Notes on my book, Tales From The Trumpster Fire: There are FIVE copies of my book in stock, which go for $45.00 each, signed. Also, I have copies of my first book from 1997, Knee-Deep in Mississippi available for $20.00.

Tip Jar: if you want to support the cartoonist, please send a donation through PayPal to clayjonz@gmail.com. You can also snail it to P.O. Box 9103, Fredericksburg, VA 22403.

Watch me draw:

Kevin’s Slim Pickens


A friend of mine used to hold a July 4th pool party every year…until one attendee got drunk and pooped in the pool. I’m sure it’s just a coincidence the pool pooper is a Republican. But nevertheless, no more July 4th pool parties. And pooping in the pool is exactly what House Minority Leader Kevin McCarthy plans to do in the January 6 Committee.

The first attempt to have a commission to investigate the white nationalist MAGA terrorist insurrection on the Capitol Complex passed the House with very little GOP support, and died in the Senate. Republicans claimed they voted against it because the commission, with equal representation by both parties and each having full subpoena powers, would be too partisan. Before the vote, Democrats gave Republicans EVERYTHING they demanded before they could vote for it…and they still voted against it.

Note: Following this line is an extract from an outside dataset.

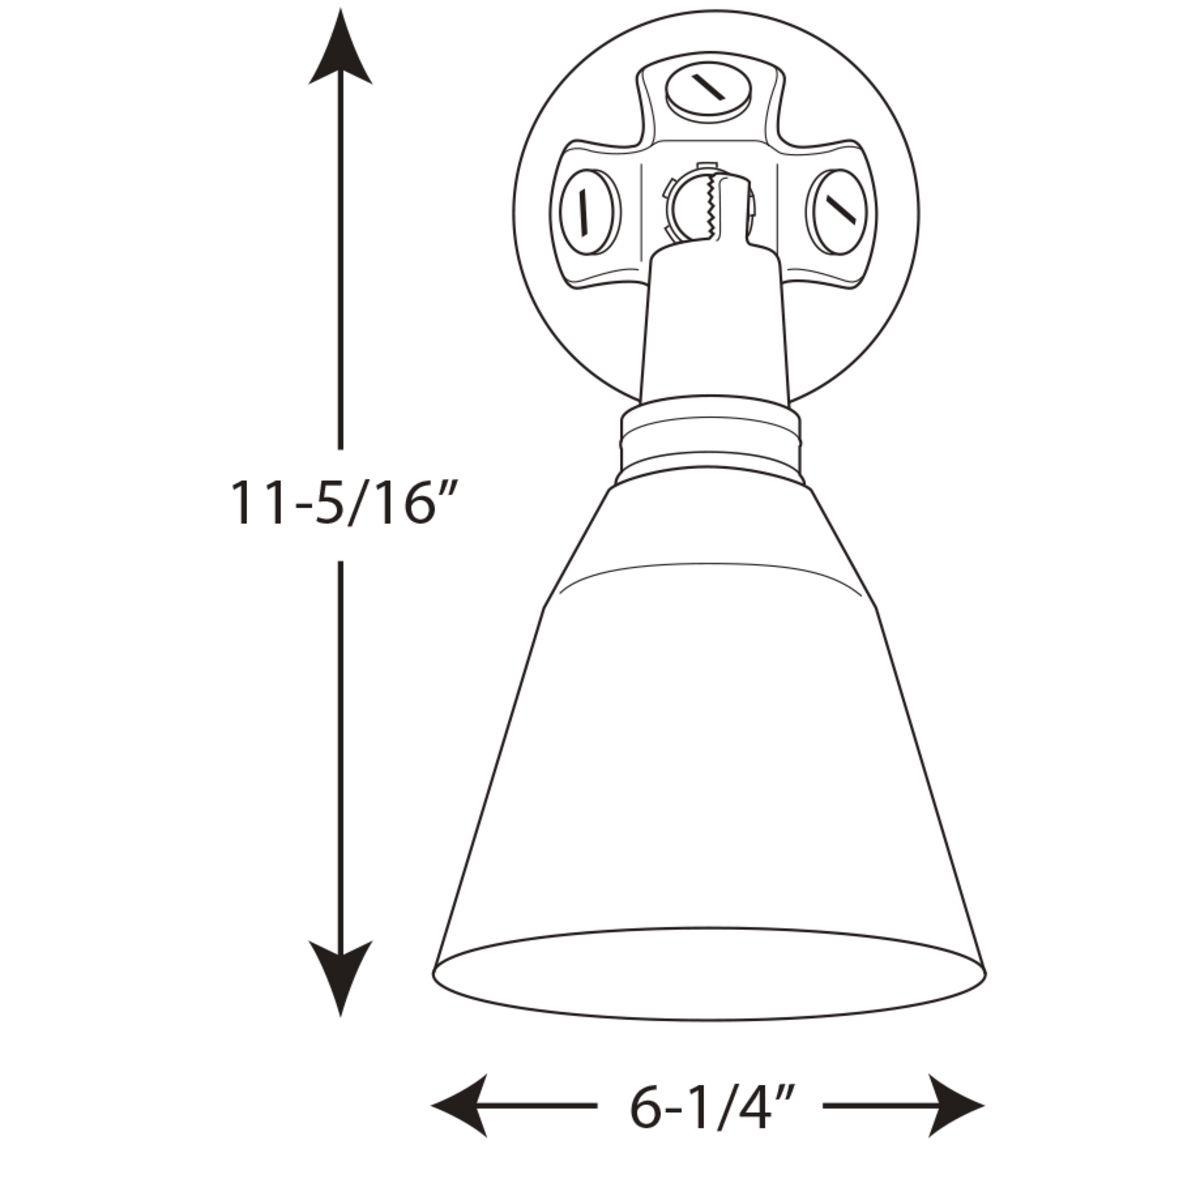 One Light Adjustable Swivel Flood Light

It’s kinda like taking your kids shopping for back-to-school clothes, and they refuse to participate. So after you’re done shopping for them, they get a hair up their ass because they don’t like the clothes you picked, which looks like that cheap-looking checkered suit Matt Gaetz wears. In this example, your kids are right to complain, you monster.

In Congress, Republicans, after being given everything they asked for, still voted against it. Even though they voted against it, we still need to get answers for the January 6 MAGA tiny-dick terrorist attack. So, Nancy Pelosi held a vote for another committee and this time, Republicans don’t have equal representation or subpoena power. Boo-hoo, fucknuts.

Of course, now they’re going to complain and campaign that they weren’t given equal representation and subpoena power. They will gaslight that they were never given a choice.

Kevin gets five picks and Nancy gets eight. Even better, Nancy can veto Kevin’s picks. And from looking at the names being tossed around by the tossers, she may need to veto every one of them.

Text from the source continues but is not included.